Seventy-one years ago last Sunday, Chuck Yeager strapped on a hand-modified leather football helmet and strapped into his Bell X1, which he flew faster than sound for the first time. While honoring the past, this year’s NBAA-BACE has been abuzz with talk about the future of a supersonic business jet—and maybe more. While there are a few contenders working to bring an SSBJ to market, Aerion with its AS2 has the floor to itself here in Orlando, and has taken advantage of the biggest stage in business aviation to tell its story.

The big news is the engine. Partner GE Aviation has stepped up with a program to design and build its Affinity line—the first purpose-built civil supersonic engine platform in 55 years. Built around the same GE core found on the CFM56 (GE designed it as part of a consortium with Safran), the Affinity will be optimized for efficiency in both subsonic and supersonic flight.

It will be the highest-bypass supersonic engine ever, according to GE. Though that will penalize supersonic range, the new engine will meet Stage 5 noise limits and comply with international emissions standards. “The AS2 will be welcome around the world,” said Aerion v-p of marketing and communications Jeff Miller.

Arguably even bigger news is that Aerion envisions larger and faster follow-on aircraft, though those plans are in very early stages, starting with assessing market needs.

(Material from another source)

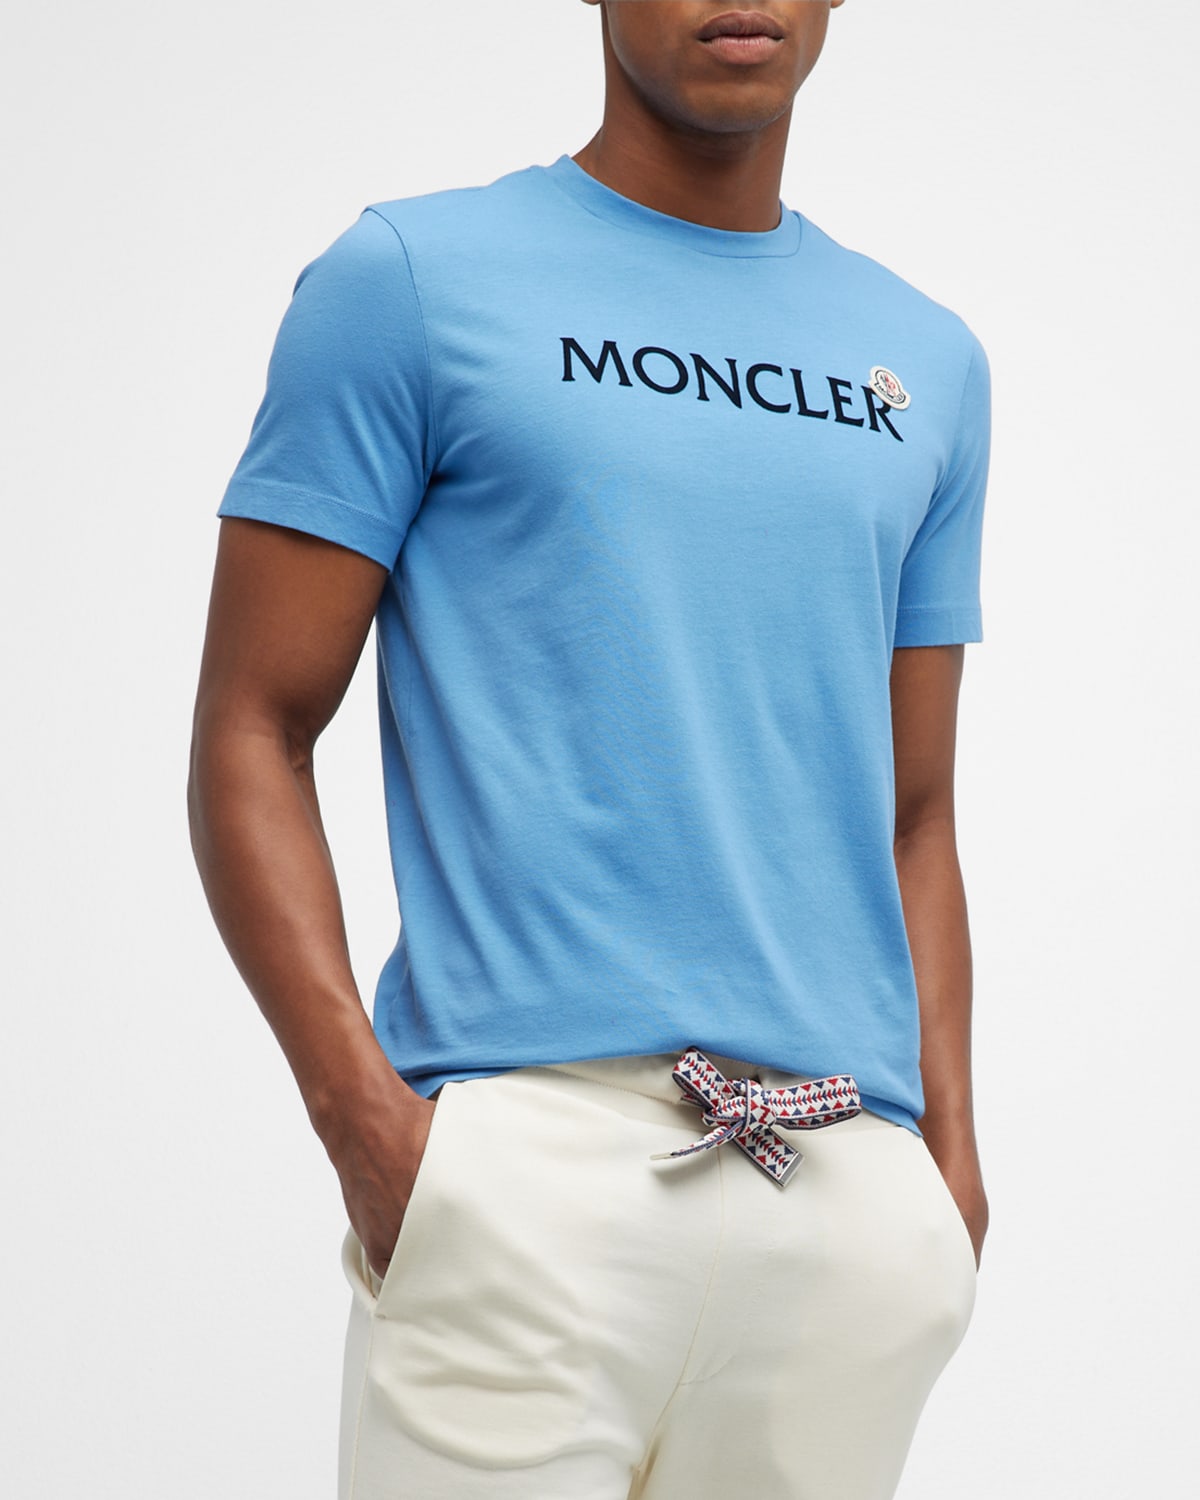 achterlijk persoon Wig huichelarij Moncler Men's Logo T-shirt With Patch In Turquoise | ModeSens
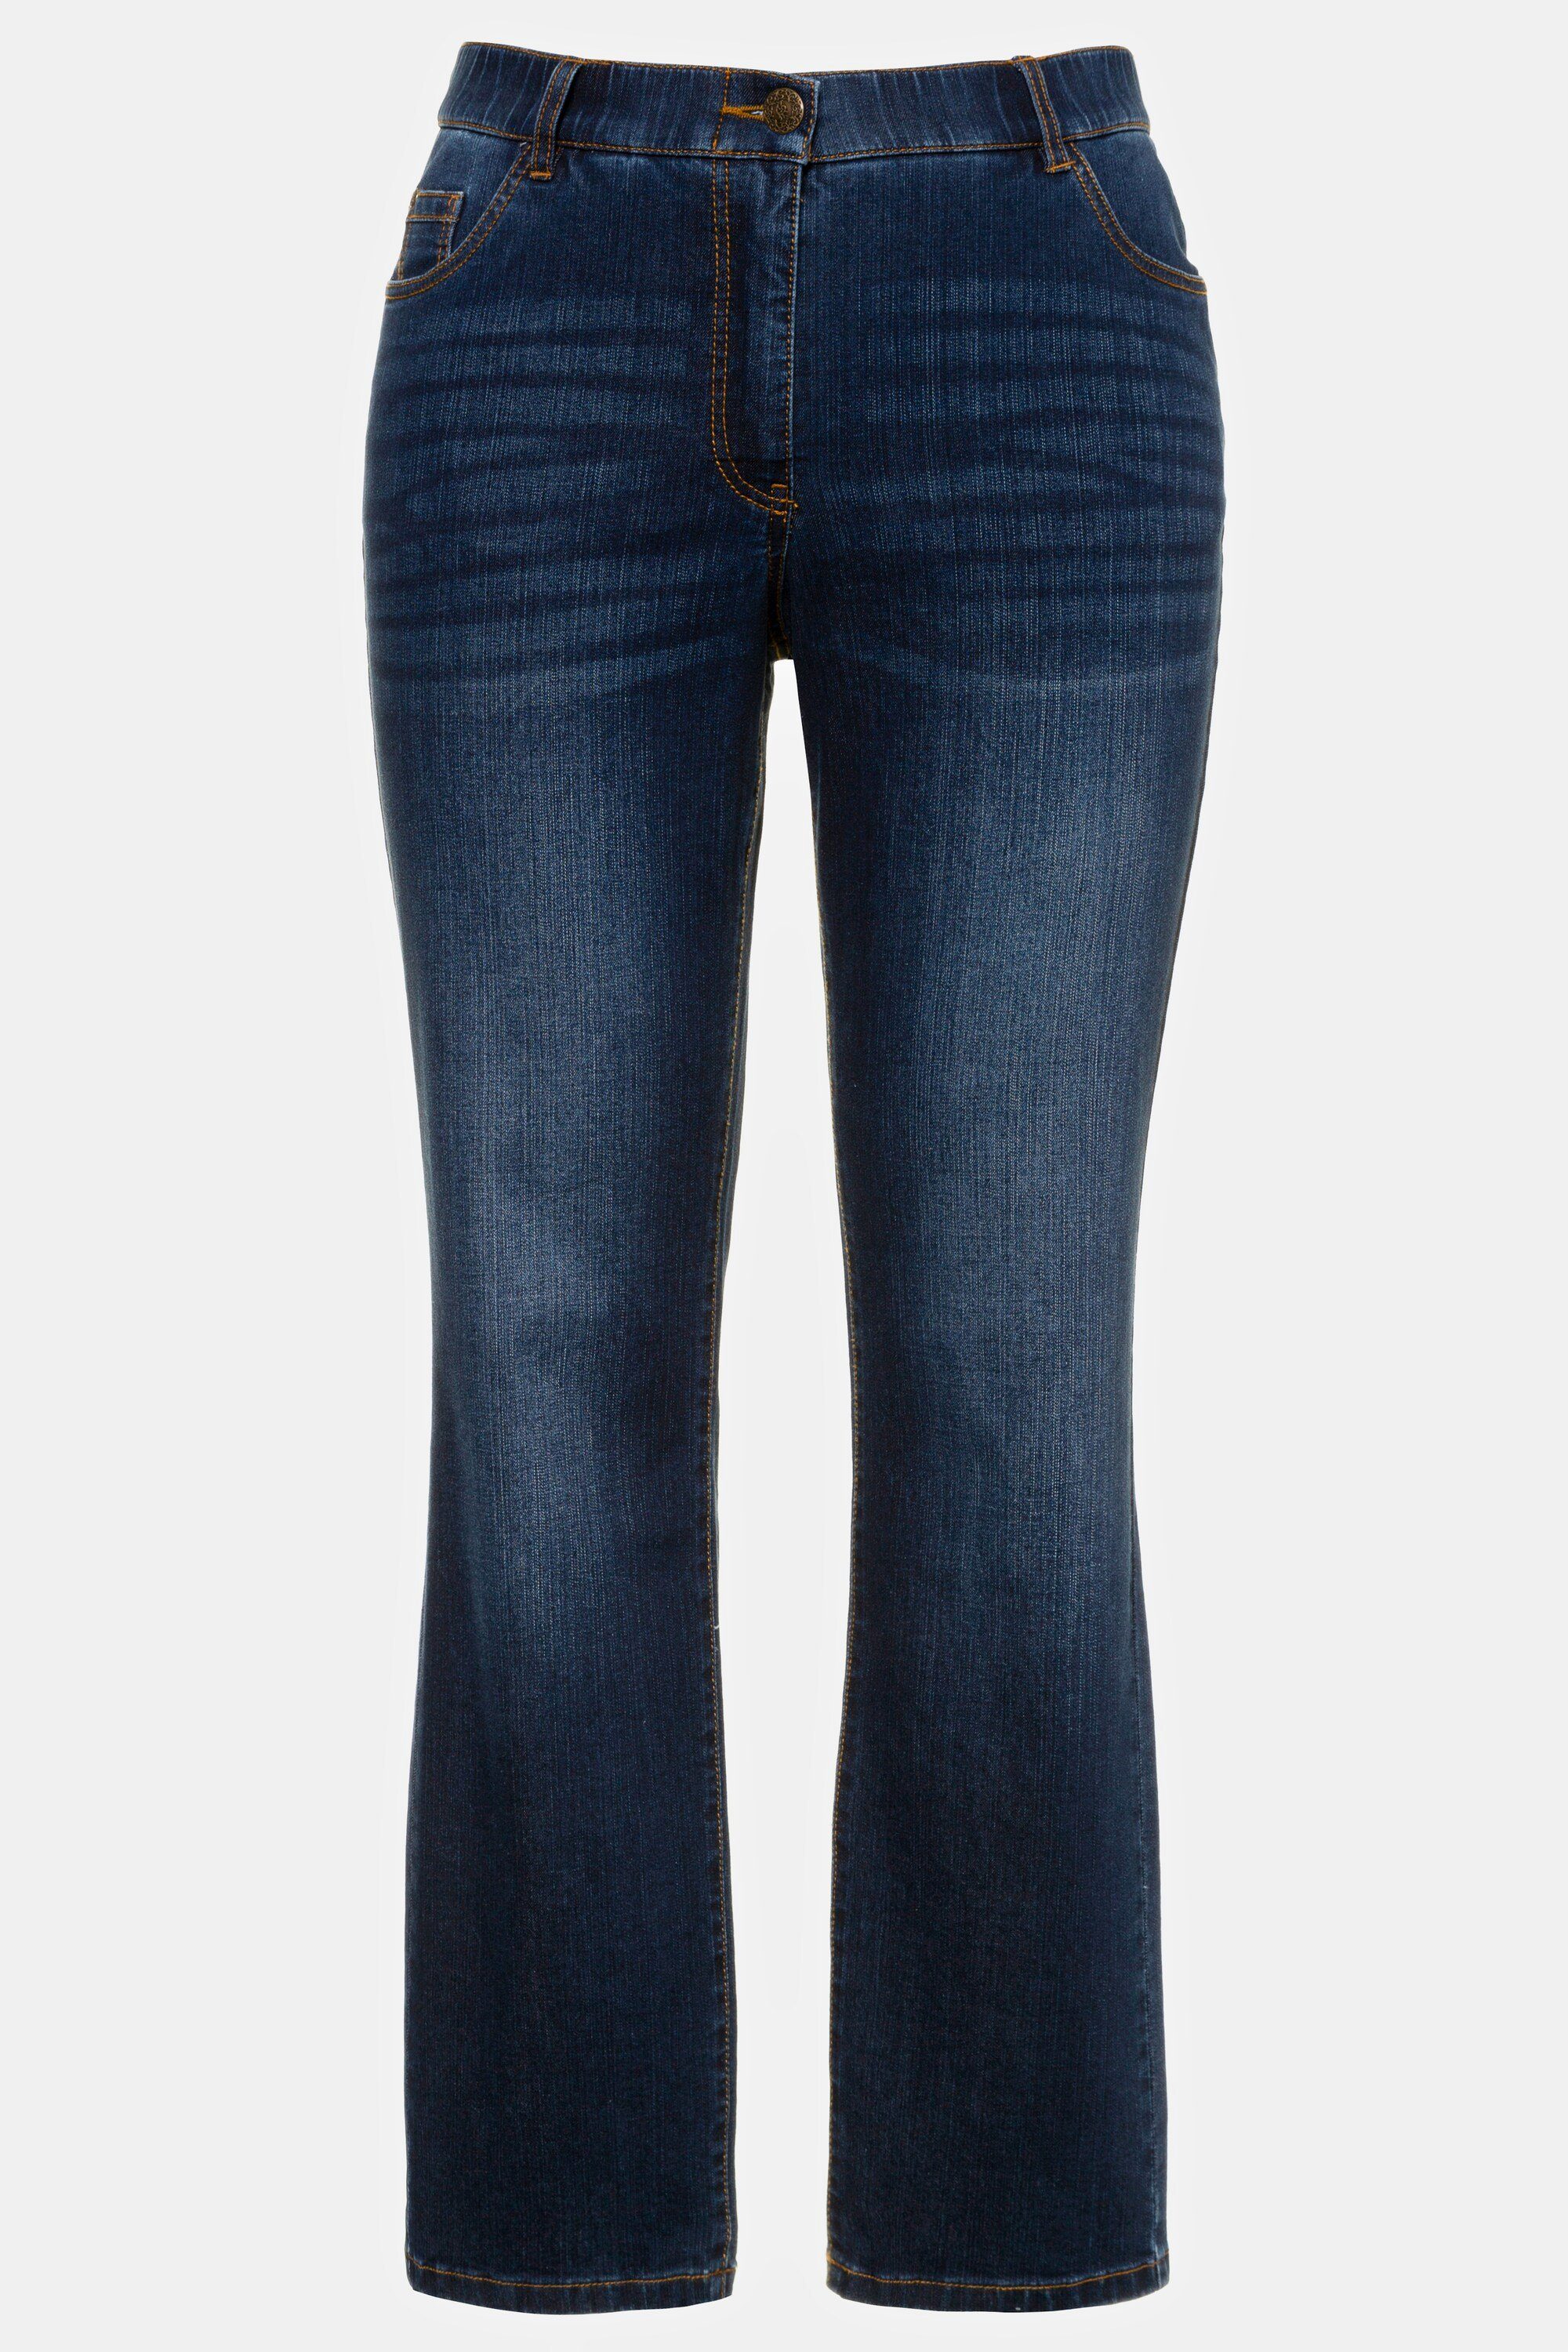 denim Komfortbund 5-Pocket-Form Jeans Popken blue gerade Ulla Mandy Funktionshose

The AS2 is a two-zone cabin, and he said that’s as far as Aerion can go with the power it has available.

Larger, faster versions would have to wait for further engine development, said Miller. Aerion envisions a future AS3 with a three-zone cabin, with ultimate plans for a possible airliner-size version. The middle-tier aircraft could fall into an all-first-class airliner configuration. He pointed out that the economics of an airliner are significantly different from those of a business jet: “[Airlines] have to make money.”

Together with its development team—which includes Lockheed Martin, GE Aviation, and Honeywell—Aerion’s next steps involve exploring further Tier 1 suppliers. They need to source the contractors who will build the AS2's fuselage, wings, and control surfaces, as well as major components such as the landing gear.

As an indication of how supersonic fever is spreading throughout the industry, UTC's Aerospace Systems reports it has recently invested more than $100 million in R&D, with a portion dedicated to the areas of noise and high temperatures associated with supersonic flight. The company has a history in supersonics, having been one of the suppliers on the Concorde program. UTAS also has experience with some the technologies in subsonic applications, such as its titanium liquid interface bonding process on its fan case for the Rolls-Royce Trent 900.

“We firmly believe that the next big step in aerospace is to go into supersonics,” said Gary Reynolds, UTAS v-p of regional and engine systems.

While bar patrons at Pancho Barnes’s Happy Bottom Riding Club didn’t seem bothered by sonic booms over the high desert of California’s Muroc air base in 1947, today’s environmental concerns over noise are a formidable hurdle in the path of future supersonic flight. Mach busting is still forbidden over land in the U.S., though the recent five-year FAA reauthorization includes funding for research into the possibility that technology could mitigate booming to acceptable levels.

Strategies for reducing booms include aerodynamic measures that would reshape and disrupt the so-called N-wave generated by the initial shock created by the nose of the jet followed almost immediately by a similar shock wave from the tail. Aerodynamics can reshape the wave to turn the double sharp booms into more of a low rumble, according to the Aerion spokesman.

Up to a certain speed known as Mach cutoff, the N-wave itself does not extend all the way to the ground. Atmospheric conditions also play a role in determining Mach cutoff, and Honeywell is researching “boom mapping” software that could ultimately take the form of a flight deck display similar to weather radar that can show pilots when the boom is getting too low for comfort (5,000 feet above ground level is thought to be a sufficient buffer).

Developing boom-mapping software is dependent on enhancing and refining atmospheric data available to the onboard equipment. That effort involves a combination of increasing the type and amount of amount of data uploaded from external ground- or satellite-based sources, as well as developing more robust onboard sensors.

“Networked and datalinked crowdsourced weather will be [required] for things that go fast," said Carl Esposito, Honeywell Aerospace president of electronic solutions. "We have a lot of the fundamental building blocks, based on [our] military technology.”

Aerion partner Lockheed Martin is also researching boom effects with its X59 program. That effort was specified in the FAA funding bill, and the research would involve establishing a test range in a remote area where a sample of people would be asked to evaluate sonic booms under varying test conditions—atmospheric and aerodynamic.

Developing the first supersonic business jet is a competitive exercise. “It’s a race,” said one Aerion executive. Spike Aerospace is also developing its program, and Boom has designs on the airline industry. Also, some are intrigued that Gulfstream, which had long ago back-burnered its own supersonic development program, recently reserved trademarks on the model names G1100 and G1200, fueling speculation that it could be reviving plans to get back into the Machbuster race.